We have had debates for several decades now on the
need to reform the Organization, and various Presidents
that have presided over the Assembly. This morning, I
strongly reminded Presidents Dilma Rousseff, Cristina
Fernández, Evo Morales Ayma and other Presidents
of the Americas of the need to reorient, readjust and
tweak the entire United Nations system. This system
has been in place for 70 years since the end of the so-
called Second World War, which took place in Europe
and other parts of the world between 1939 and 1945.
The United Nations Charter is one of the most
beautiful poems that we could ever read. It has well
and truly become an instrument that has been set
aside, overlooked and consistently flouted in terms of
its fundamental objectives are concerned. The United
Nations is an historic human experiment that has become
a landmark because never before has humankind had
a forum to meet to address issues of peace, affecting
life and death, and to negotiate solutions to conflicts.
After 7,000 years of civilization as we know it — a
review of which reveals a history of empires and the
ongoing battle to distribute the wealth and territory of
the world — only with the establishment of this system
in 1945 did we begin to get a glimpse of future light
at the end of a long tunnel of battles, wars and global
conflicts.
We call for the renewed relevance of the United
Nations, above and beyond any criticism that may be
levelled against it. Given the human importance of
this institution, we insist on the need for an in-depth
transformation, as Commander Hugo Chávez said on
many occasions right here in this Hall.
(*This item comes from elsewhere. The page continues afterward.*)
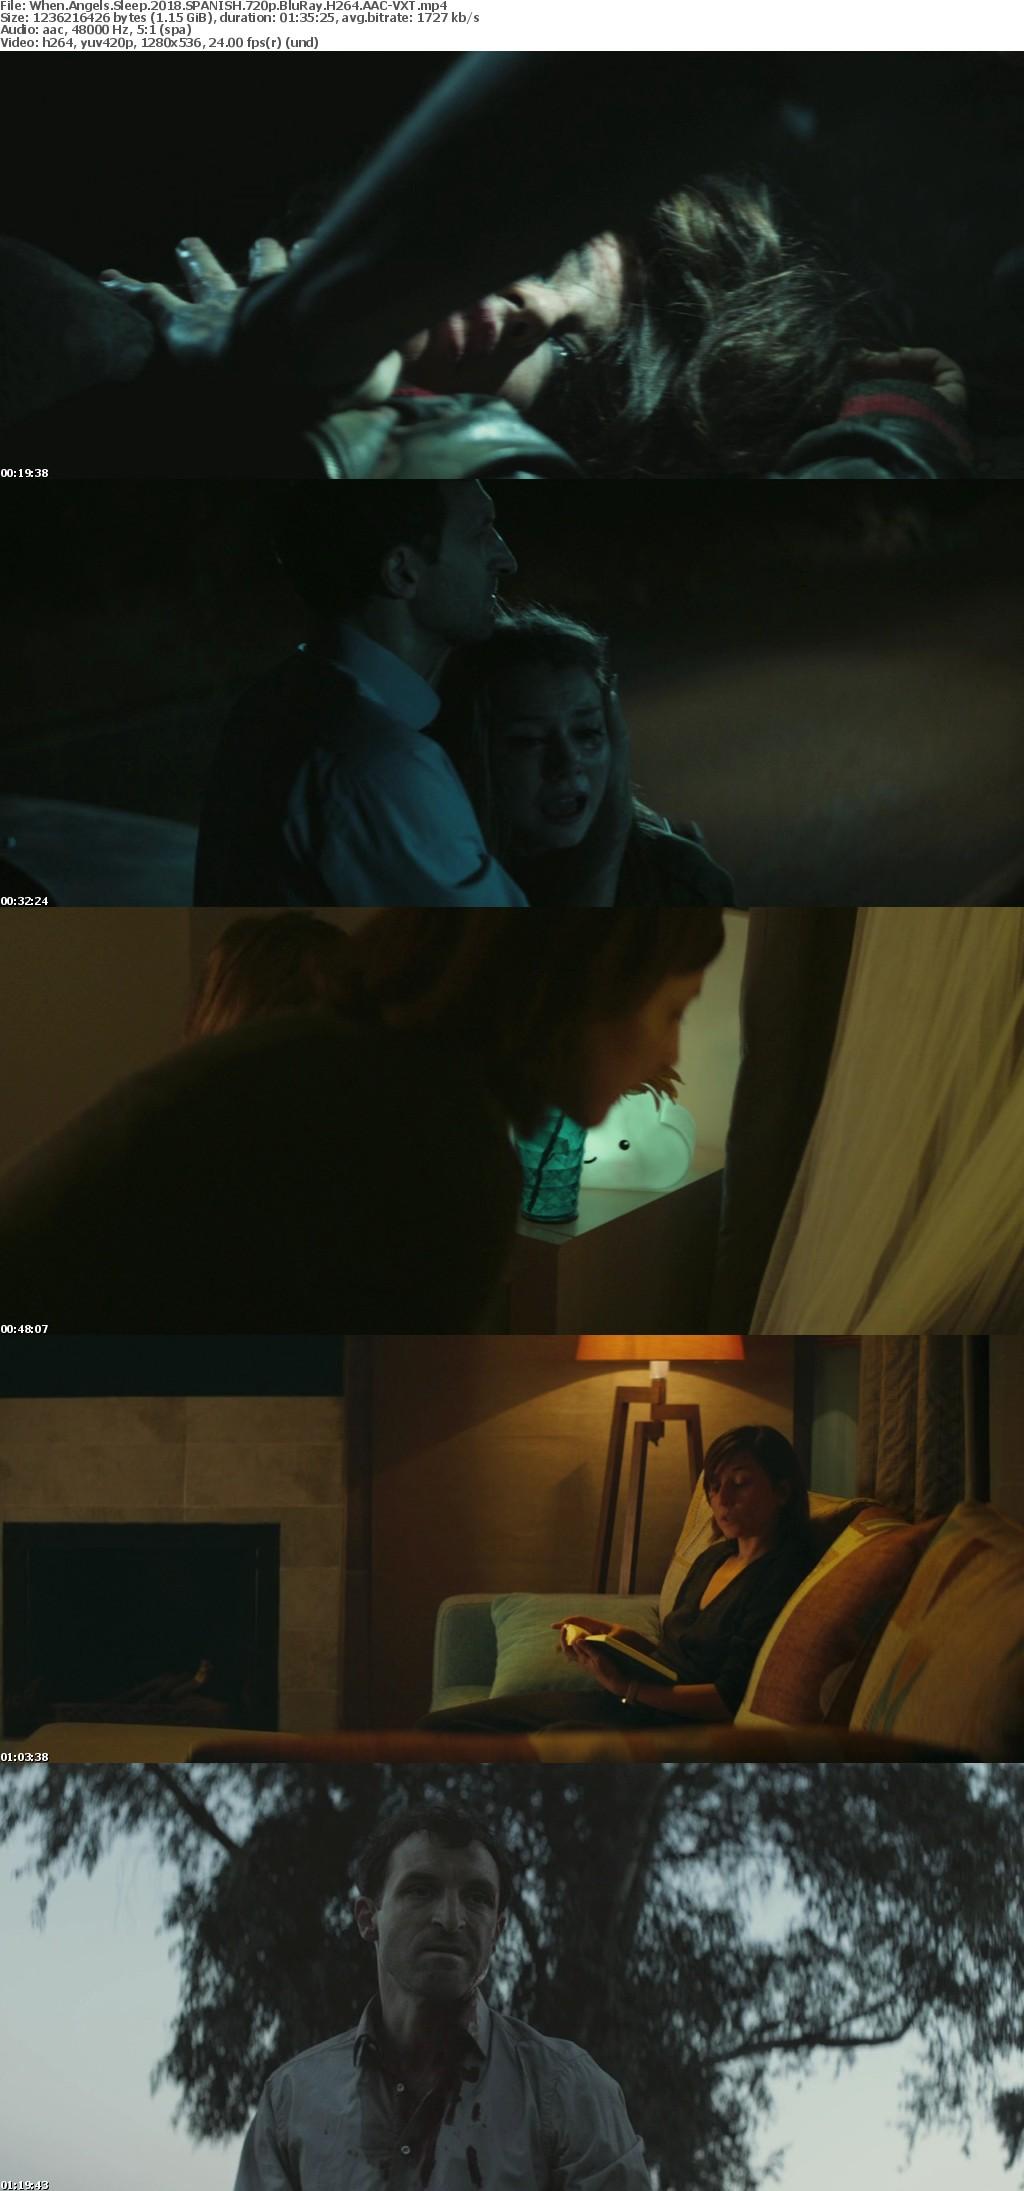 When Angels Sleep 2018 SPANISH 720p BluRay H264 AAC-VXT
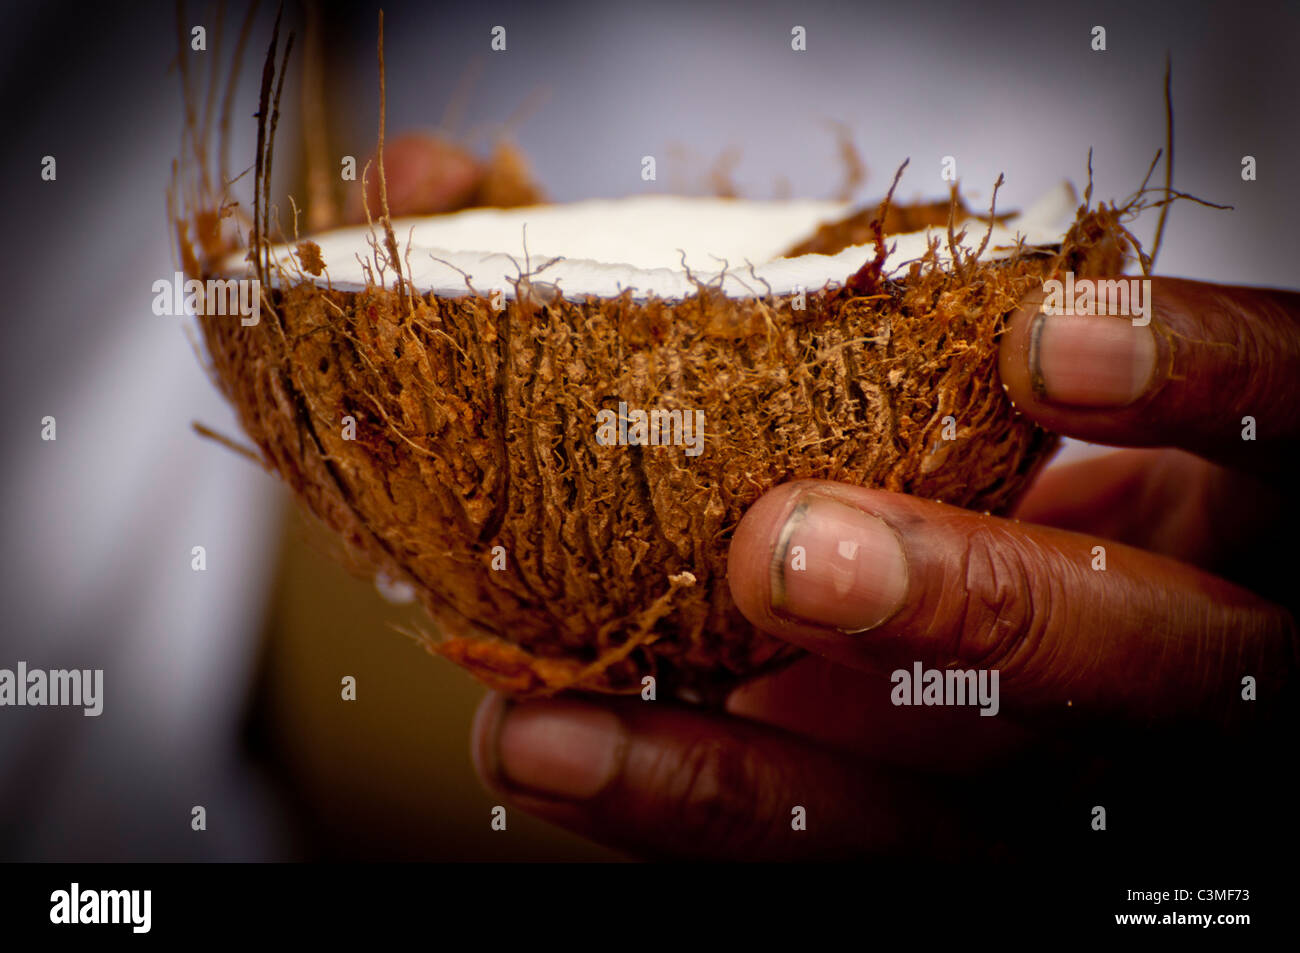 Fidschi Kellner servieren frisch geknackt Kokosmilch, Malolo Resort, Mamanucas-Inseln, Fidschi Stockbild

In his famous
statements in defence of the causes of humankind,
he stressed the need for a far-reaching democratic
overhaul of the United Nations system. As President
Jacob Zuma of our sister country South Africa said, we
must democratize and overhaul the Security Council.
The role of the regions today is different from
what it was in 1945. This is another world. The United
Nations was born to deal with post-war reconstruction
and the issues that had given rise to conflicts. The
United Nations has to deal today with a multicentric,
multipolar world of numerous actors, with emerging
countries and regions that have their own thoughts,
aspirations and desire to be respected in this world. The
United Nations has to adapt and submit to the broader
sovereignty of the peoples of this world, who are crying
out for their voices to be heard, heeded and respected.
We have heard speeches today at the start of this
sixty-ninth session. We also believe in strengthening the
role of the Secretary-General. As we have said so many
times we must have a Secretary-General who represents
all of us and who has the political and institutional
clout to find solutions to the world’s conflicts. We must
reconfigure the system and functions of the General
Assembly. We must democratize it and give it a leading
role to ensure that the great debates that take place here
can always successfully address the major issues facing
the world. That is why we believe that we must build a
new United Nations in a bid for a new multipolar world
of peace where there no empire can impose its will on a
unipolar world. This is urgent for the entire world.
Above and beyond what officials of the various
Governments represented in this Hall may believe,
we already have another world where we all wish to
speak, think and decide our own fate and to achieve
peace for our peoples. A new regionalism has come to
the fore. In the late 1940s and the 1950s, we saw the
birth of the European Union as an experiment in the
new regionalism that is admired and emulated by many
throughout the world. In the 1970s and 1980s, we saw
the emergence of the Organization of African Unity, an
extraordinary system to organize the brotherly African
continent to address the issues of development and
life. Our mother Africa was one of the most suffering
regions the world.
Now as we embark on the twenty-first century,
Latin America is taking its place. We have seen new
organizations arise in Latin America. On 14 December,
we will commemorate in Havana, Cuba, a heroic
island and great homeland, the tenth anniversary of
the Bolivarian Alliance for the Americas. We have
assumed an important role in building a new social
and economic order in defence of such major causes
as climate change. In existence for 10 years now, that
youthful organization, partnership or alliance is now
looking forward to the rest of the twenty-first century.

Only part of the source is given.